News that the UK was finally out of recession did wonders for consumer confidence.
Just last week Nationwide, the UK's largest building society, reported its Consumer Confidence Index had risen for the second consecutive month, increasing by six points to 80 in February.
The index is now at its highest level since January 2008 and almost double the level recorded during the same period last year.
Tracking confidence can be tricky though and when it comes to the economy the UK is by no means out of the woods yet. And many economists are worried that we may even experience a double-dip recession.
The UK is in a real state of economic uncertainty. The budget deficit grows on a daily basis, inflation is creeping up and we are faced with the prospect of higher taxes while spending cuts lurk on the horizon.
Meanwhile the BBC also reported last week that at least 25,000 council jobs in England could be under threat in the next three to five years.
The broadcaster's survey of 49 councils with a combined workforce of 256,000 suggested cuts of around 10%. If applied to all councils this would result in 180,000 job losses.
The prospect of more job losses has not been lost on retailers.
Olympic Holidays is just one travel operator that is offering free holiday redundancy protection for customers booking a package holiday. With Olympic if you are made redundant you can cancel your holiday booking free of charge and be refunded for anything that you have paid.
Holidays aside, the prospect of losing your job is difficult to plan for at the best of times.
But every one of us is vulnerable to suddenly being made involuntarily redundant, even when the country isn't in economic turmoil.
Yet you can help prepare for the unexpected though.
There are three main types of protection products that can help you during difficult times: mortgage payment protection insurance; loan payment protection insurance and income payment protection insurance.
- get a quote that is tailored to your personal needs
The type of plan you choose will be based on your own circumstances.
If meeting your mortgage repayments in the event of involuntary redundancy is your main concern, then mortgage payment protection insurance (MPPI) could be best for you.
If you have loans or credit card commitments, then you may wish to consider taking out loan payment protection insurance.
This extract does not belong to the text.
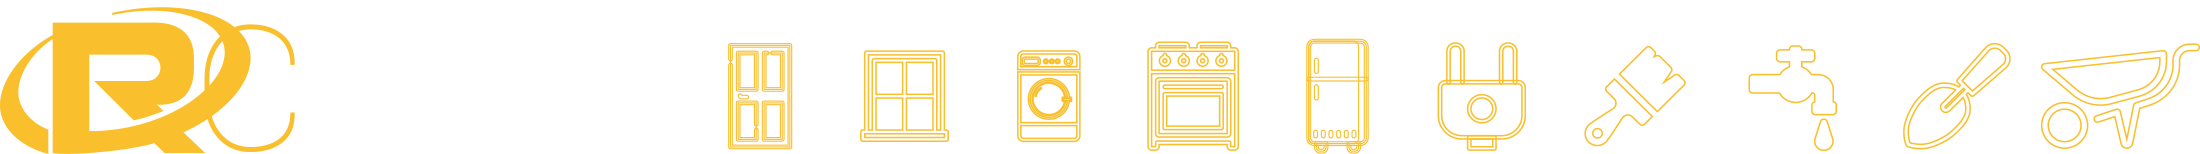 reparation et construction   Retina Logo
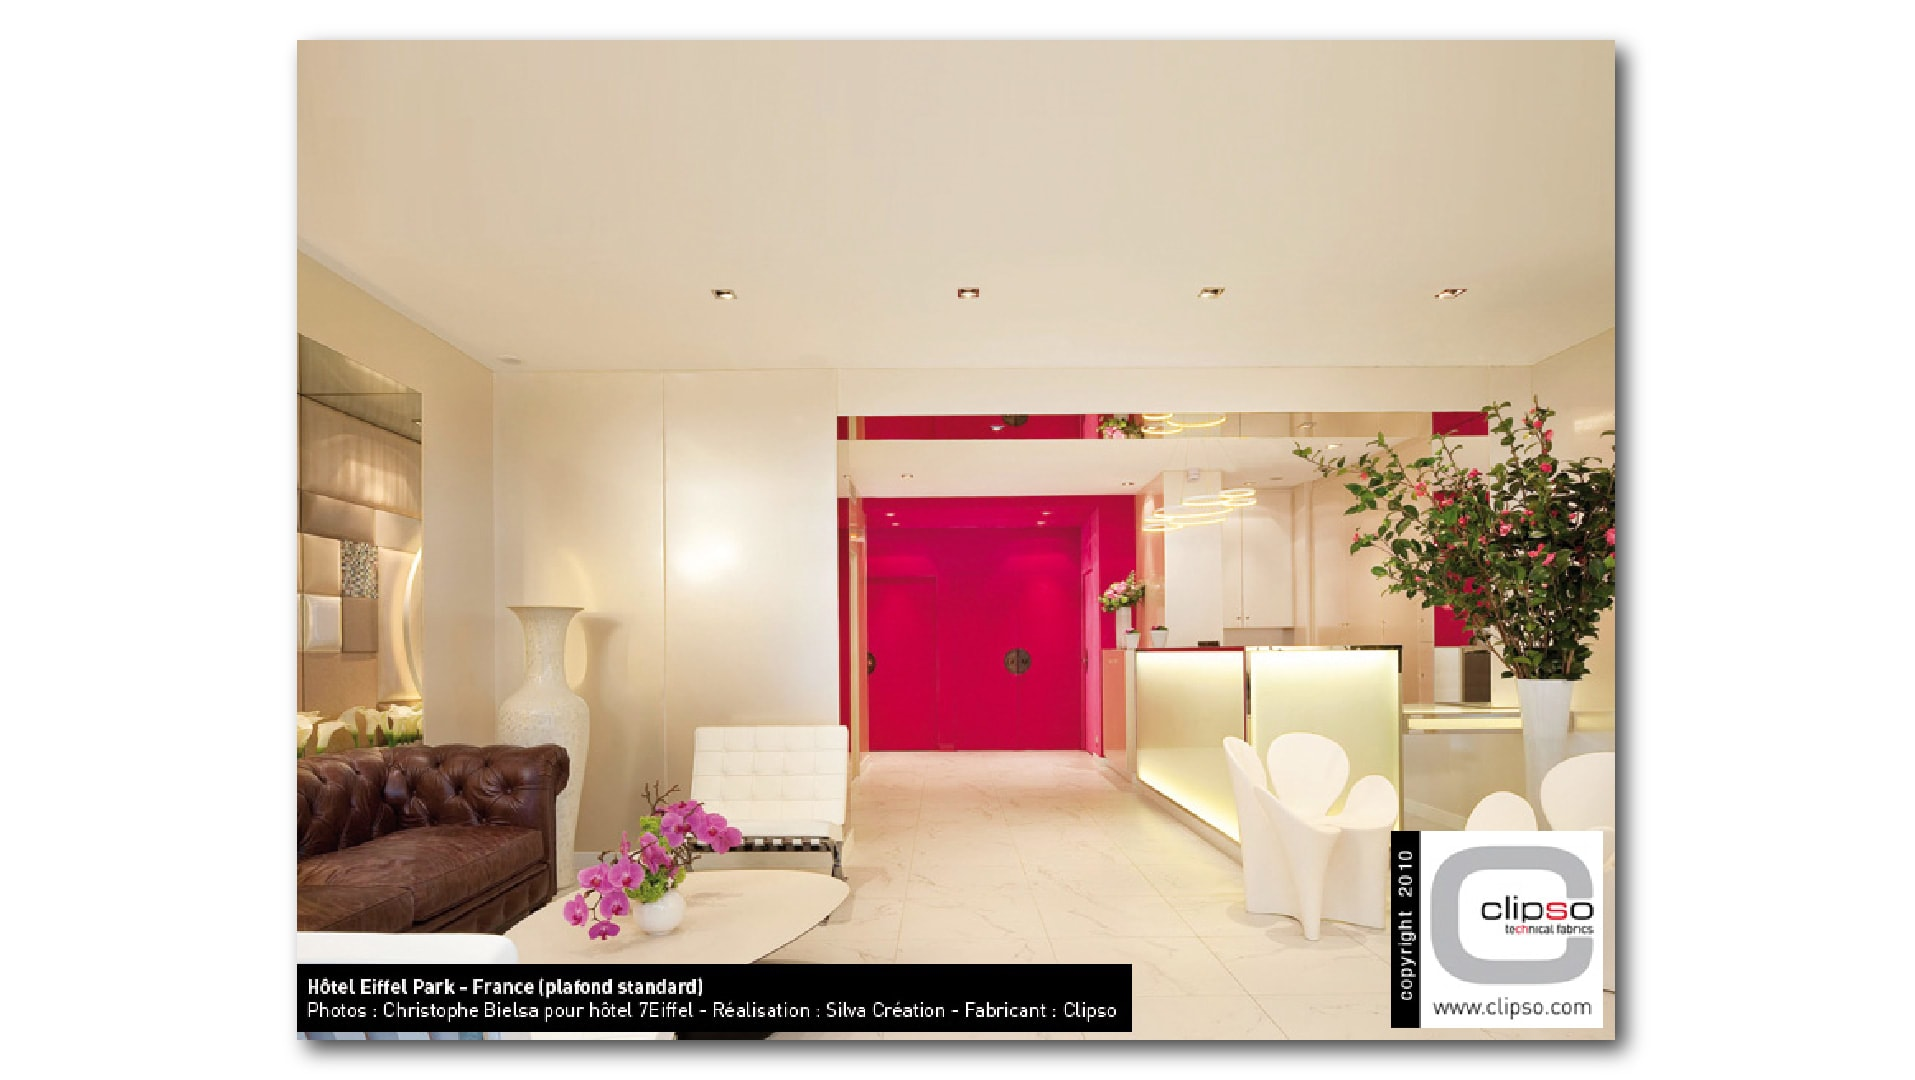 Hotelzimmer_mit_Clipso-Standard-01_msfj6c

The income from the policy will help you maintain your monthly credit commitments, which can help stop debt from building up.
Alternatively, you may wish to choose how you spend the money yourself. If you want to have an income that you could use as you wanted, then you can take out insurance as an income payment protection insurance plan.
If you think that your job may be at risk then there are other steps that you can take too.
Start looking for new employment
Keep an eye out for another job, whether visiting a recruitment consultant or looking at the jobs section in the local newspaper. Jobcentre Plus has Britain's largest database of job vacancies. You can use the jobs and skills search to find a job that is suitable for you.
Stop spending money and start saving
Cut down on excessive spending. Do you need that gym membership? Do you need a digital TV subscription? Can you trade your car in for a cheaper to run model? Try and run down your debts as fast as possible.